Gaseous butane will react with gaseous oxygen to produce gaseous carbon dioxide and gaseous water . Suppose 16.9 g of butane is mixed with 39. g of oxygen. Calculate the minimum mass of butane that could be left over by the chemical reaction. Round your answer to 2 significant digits.

This is a limiting reagent problem with a twist; i.e., how much is left over and not how much something is formed.

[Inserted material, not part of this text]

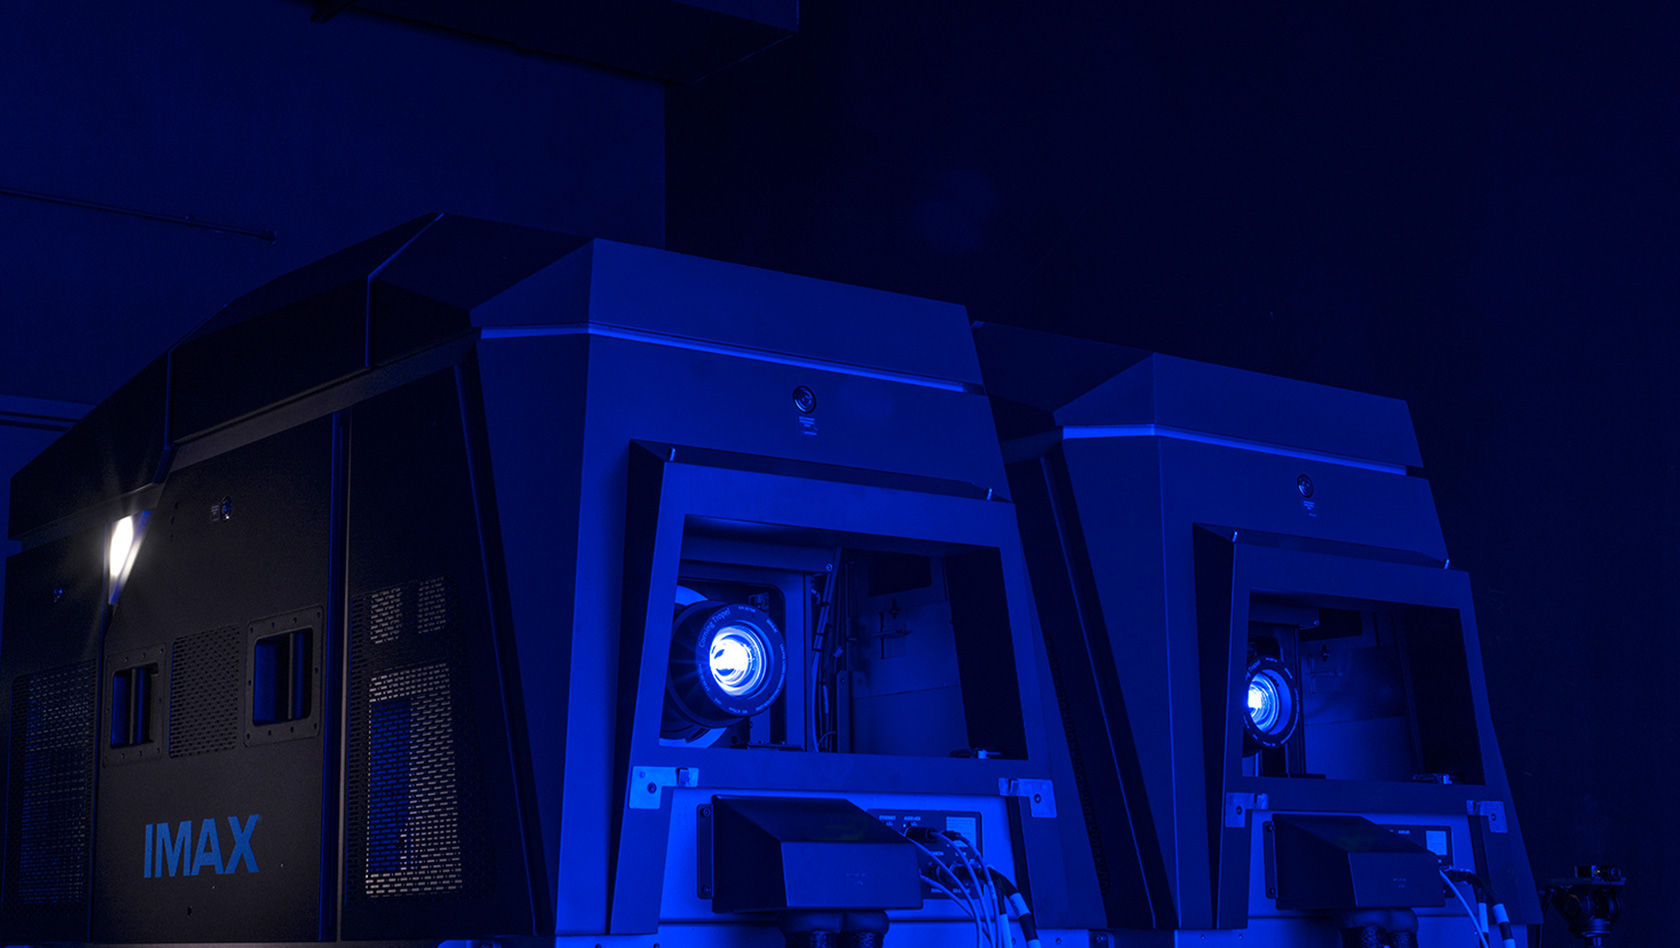 Imax 3d Laser 4k Kino Sinsheim Sinsheim

Here is a detailed and worked example of a limiting reagent problem. Just follow the steps.

http://www.jiskha.com/science/chemistry/limiting_reagent_problem.html

To calculate the minimum mass of butane left over in the reaction, we need to determine the limiting reactant. The limiting reactant is the reactant that is completely consumed and determines the maximum amount of product that can be formed.

To find the limiting reactant, we can use the concept of stoichiometry and compare the amount of product that could be formed from each reactant.

The balanced chemical equation for the reaction is:
C4H10 + O2 -> CO2 + H2O

From the equation, we can see that the molar ratio of butane to carbon dioxide is 1:1. This means that 1 mole of butane reacts to produce 1 mole of carbon dioxide.

First, we need to convert the given masses of butane and oxygen to moles. The molar mass of butane (C4H10) is 58.12 g/mol, and the molar mass of oxygen (O2) is 32.00 g/mol.

Moles of butane = mass of butane / molar mass of butane
Moles of butane = 16.9 g / 58.12 g/mol
Moles of butane = 0.29 mol (rounded to 2 decimal places)

Moles of oxygen = mass of oxygen / molar mass of oxygen
Moles of oxygen = 39. g / 32.00 g/mol
Moles of oxygen = 1.22 mol (rounded to 2 decimal places)

Now, using the mole ratio from the balanced equation, we can determine the amount of carbon dioxide that could be formed from each reactant.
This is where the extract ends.